41...Qxg3+?? 42.Kxg3 Rc3 43.Re3

Premium Chessgames Member
  thegoodanarchist: And White doesn't even have to play 43.Re3 since the Bishop is protected by the queen. He could also play 43.Kh2
May-29-16  RookFile: Just playing over this - I know that Keres lost the game, but this was a good effort in a losing cause. Keres offered ingenious resistance.
Feb-21-18  tigreton: I like move 40. (forty!) Qf1, a backwards attacking move is not usually easy to spot, but in this case the idea is clear: Re1 becomes unstoppable, and the rook invades the black position with gain of tempo (over the queen).
Premium Chessgames Member
  keypusher: <tigreton: I like move 40. (forty!) Qf1, a backwards attacking move is not usually easy to spot, but in this case the idea is clear: Re1 becomes unstoppable, and the rook invades the black position with gain of tempo (over the queen).>

This one's pretty easy to spot because it's the only way to save the rook while keeping the queens on.

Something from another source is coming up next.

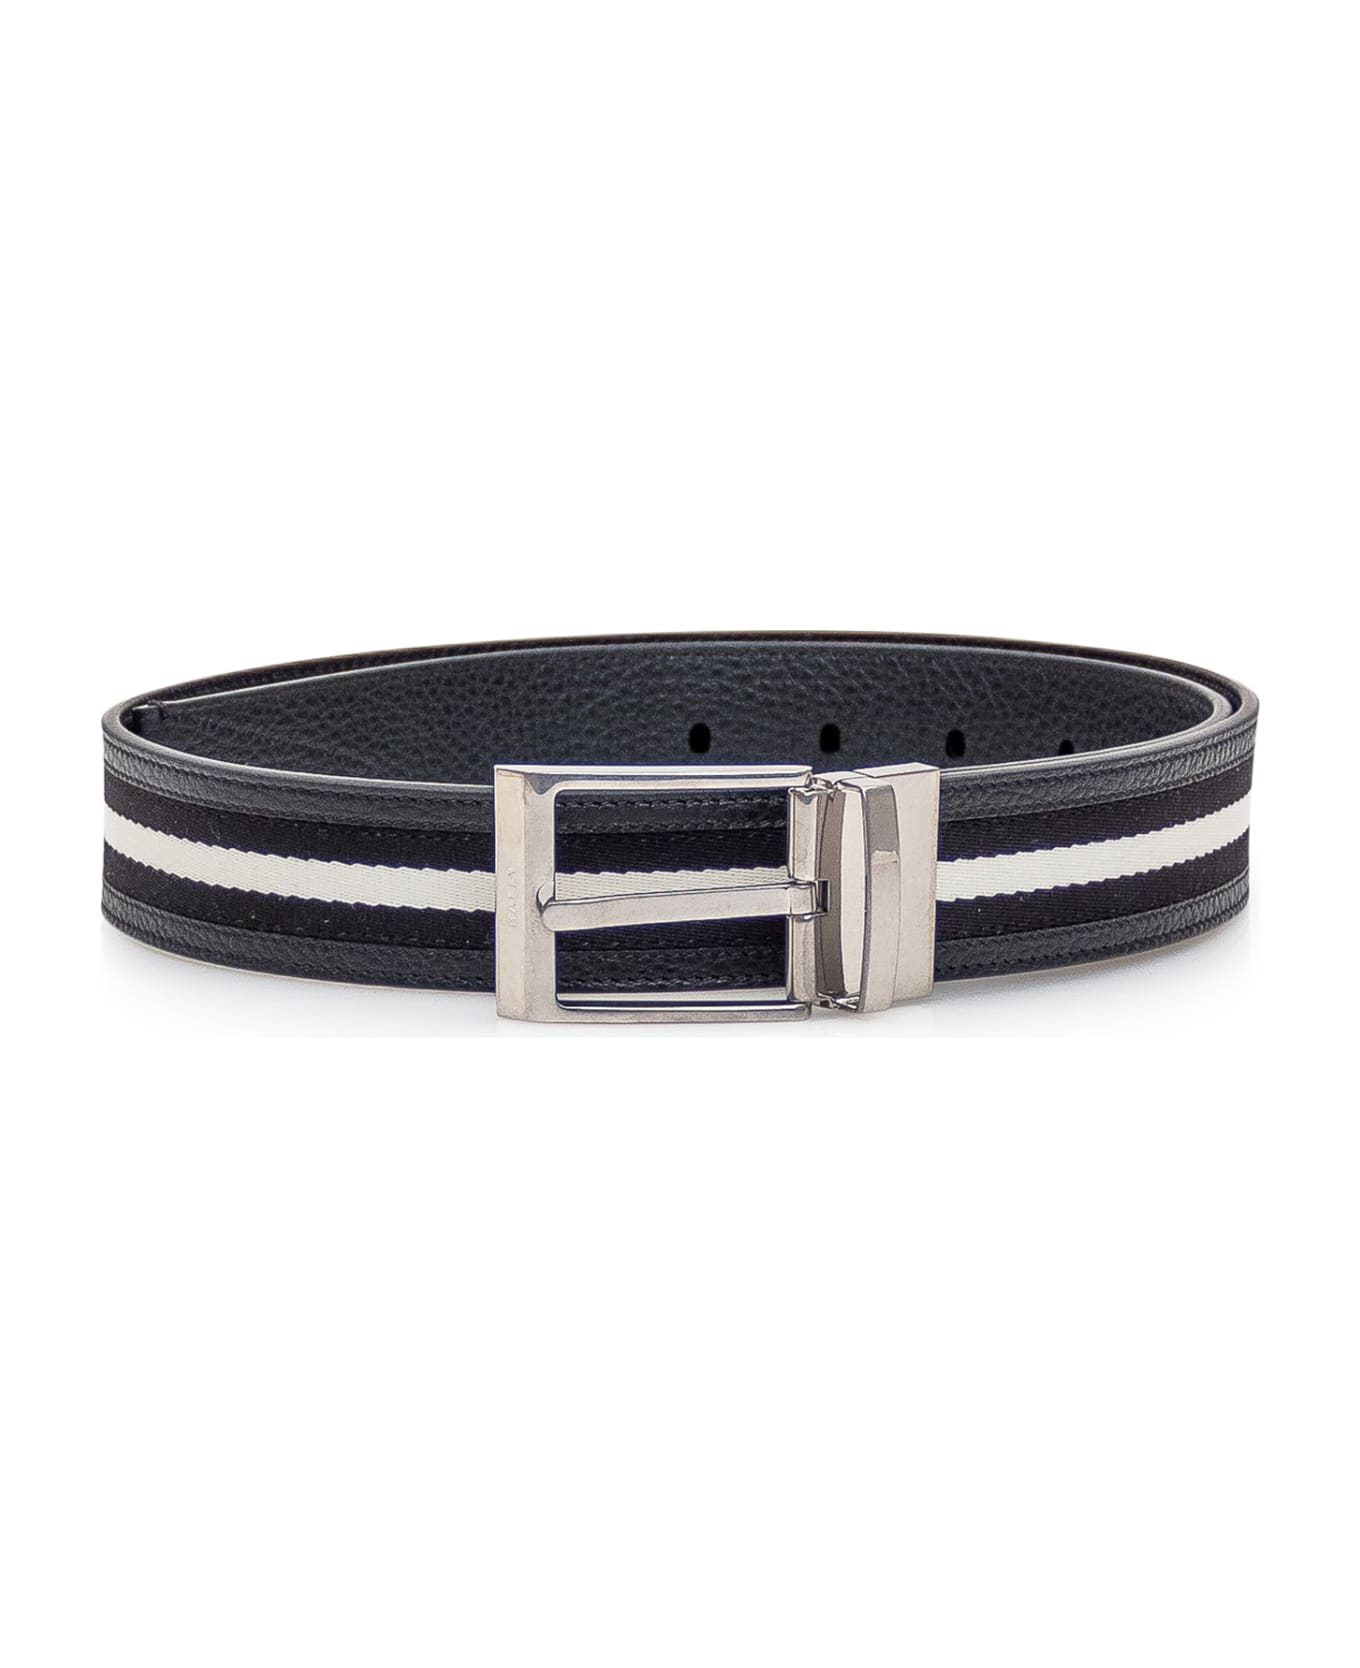 Bally Leather Belt - BLACK+BLK/BONE+PALL ベルト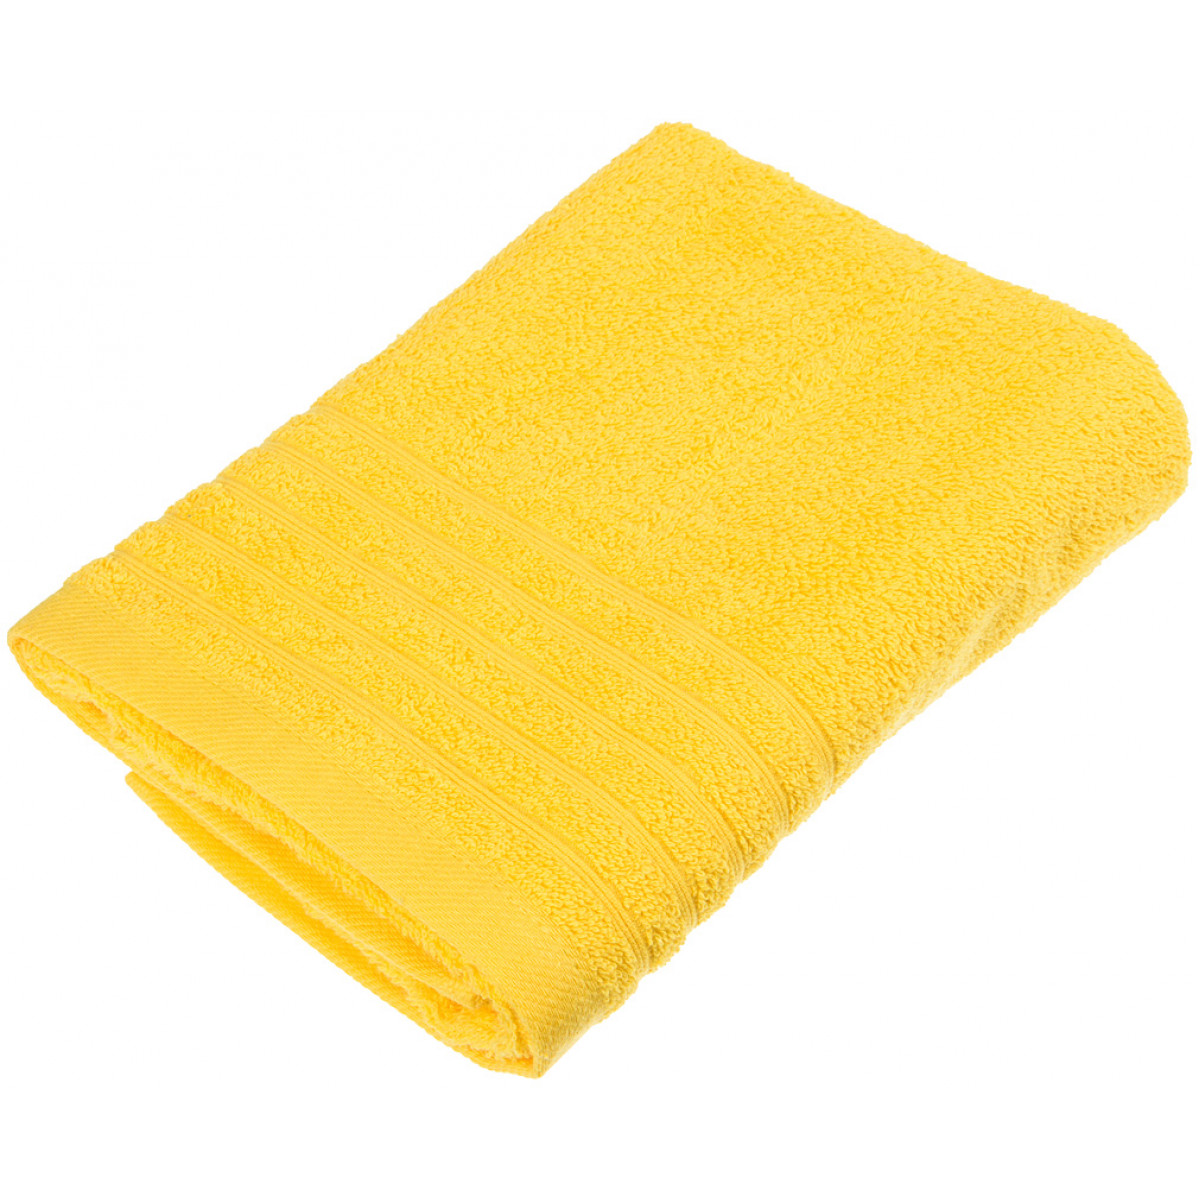 Полотенце Lessie  (50х90 см), размер 50х90 см, цвет желтый sno301457 Полотенце Lessie  (50х90 см) - фото 1

Jun-19-20  sakredkow: In the same tournament Keres also lost the same variation through 14...Rd8 against Boleslavsky Boleslavsky vs Keres, 1941. Isaak chose 15. d5 rather than 15. Bd2.
The Chigorin was the mainline with that generation. White's early d3 move has put a stop to anything resembling that nonsense.